The plaintiffs’ claims are that the system Farmers uses to deny claims for medical expenses constitutes breach of contract, fraud, breach of the implied duty of good faith, and tortious breach of the duty of good faith. The Oregon Supreme Court notes that in the argument before both of the lower courts and the Oregon Supreme Court, there was no discussion as to the elements of the theories of recovery. The claims are based on Farmers’ use of a computer system to analyze claims that resulted in automatic deductions, rather than a case-by-case review of the particular claims. The court reviewed the PIP statutes and found that ORS 742.524(1)(a) provides a presumption in favor of the necessity of medical expenses incurred by a health care provider. Once a claim is denied, the presumption is removed as well. The court noted, however, that the plaintiffs are not challenging the validity of the denials, but the investigation of the claims prior to the denial. The court held that at the time an insurer decides whether to accept or deny a PIP claim, the medical expenses incurred to that date are presumed to be reasonable and necessary. The court also held that since the summary judgment record did not demonstrate that the process Farmers uses is valid as a matter of law, Farmers was not entitled to summary judgment.

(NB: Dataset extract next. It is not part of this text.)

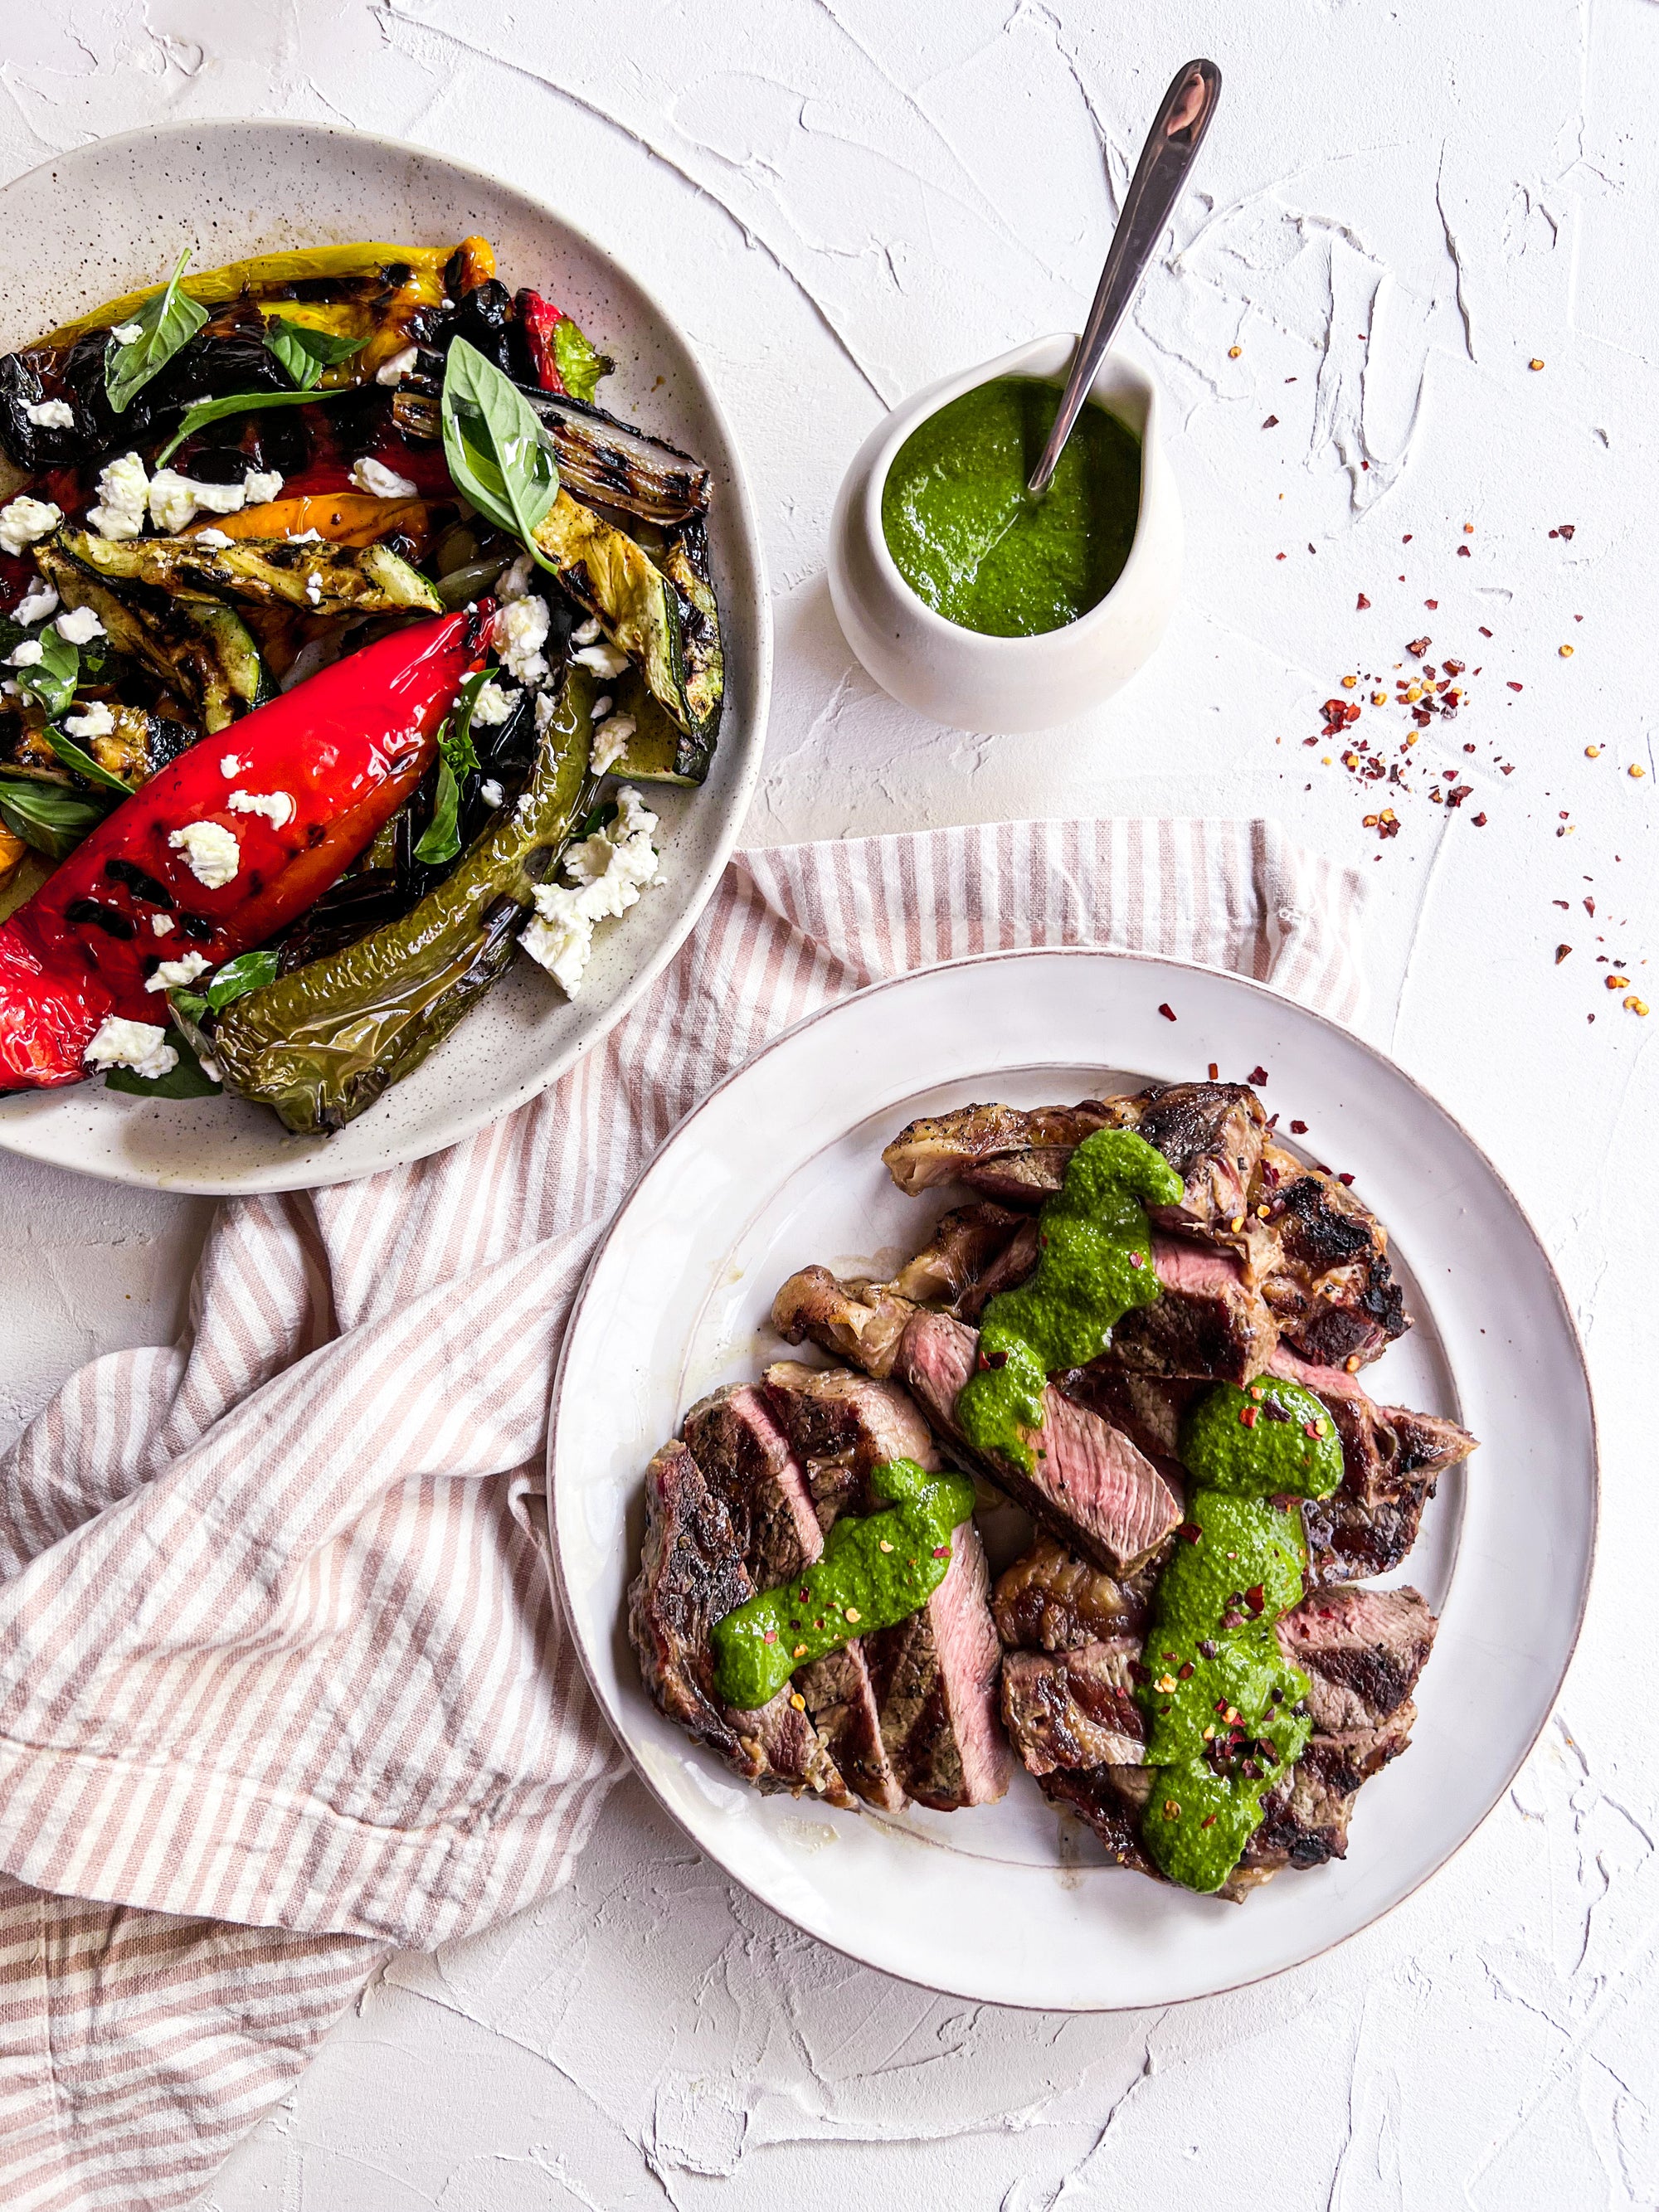 BBQ’d Sirloin and grilled summer veggies drizzled in homemade chimichurri dressing

The court discussed an insurer’s duties of good faith to its insured before reaching its decision. In reaching its conclusion, the Oregon Supreme Court found that “because Farmers’ review methodology was an impermissible one, Farmers needed to establish that the procedures it employed to deny plaintiffs’ claims satisfied its statutory and common law duties and did not violate the prohibitions set out in ORS 746.230(1)(d).” ORS 746.230(1)(d) prohibits an insurer from denying a claim without a reasonable investigation. Since Farmers did not present evidence that its claim review process was valid, the plaintiffs did not have to produce evidence that their medical expenses were medically necessary.

Waiver Creates Coverage for Uninsurable Losses

An insurer that undertakes the defense of its insured for a sufficiently lengthy period of time without reserving its rights to deny coverage waives coverage defenses. So held the 7th Circuit in Nutmeg Ins. Co. v. East Lake Management & Development Corp. (7th Cir. (Ill.) Jan. 22, 2008) (unreported). In this case, the insurer hired counsel to defend its insured, but did not issue a reservation of rights until two years later. The insurer continued to defend for another two years before issuing a coverage denial. The court concluded that, whether the delay was two or four years, it was too long under Illinois law. The court rejected arguments that the insured was required to demonstrate prejudice by the delay; while prejudice would be required to establish a claim of estoppel, the delay in this case constituted a waiver for which no showing of prejudice was required. The court also rejected arguments that the loss was uninsurable as a matter of state law, and that neither waiver nor estoppel could create coverage for uninsurable losses. Finding no Illinois cases, the court cited precedent in California and New Jersey for the proposition that the defense of uninsurability may be waived or forfeited, and predicted that Illinois courts would agree. Compare this holding with the rule in New York that an insurer cannot through waiver create coverage that a policy was not written to provide (see Schiff Assoc. v. Flack, 51 NY2d 692 (1980); Zappone v. Home Ins. Co., 55 NY2d 131 (1982); Central General Hosp. v. Chubb Group of Ins. Cos., 90 NY2d 195 (1997)). While coverage may be created by estoppel (which requires prejudice), waiver applies only to defenses based on policy exclusions and breach of policy conditions.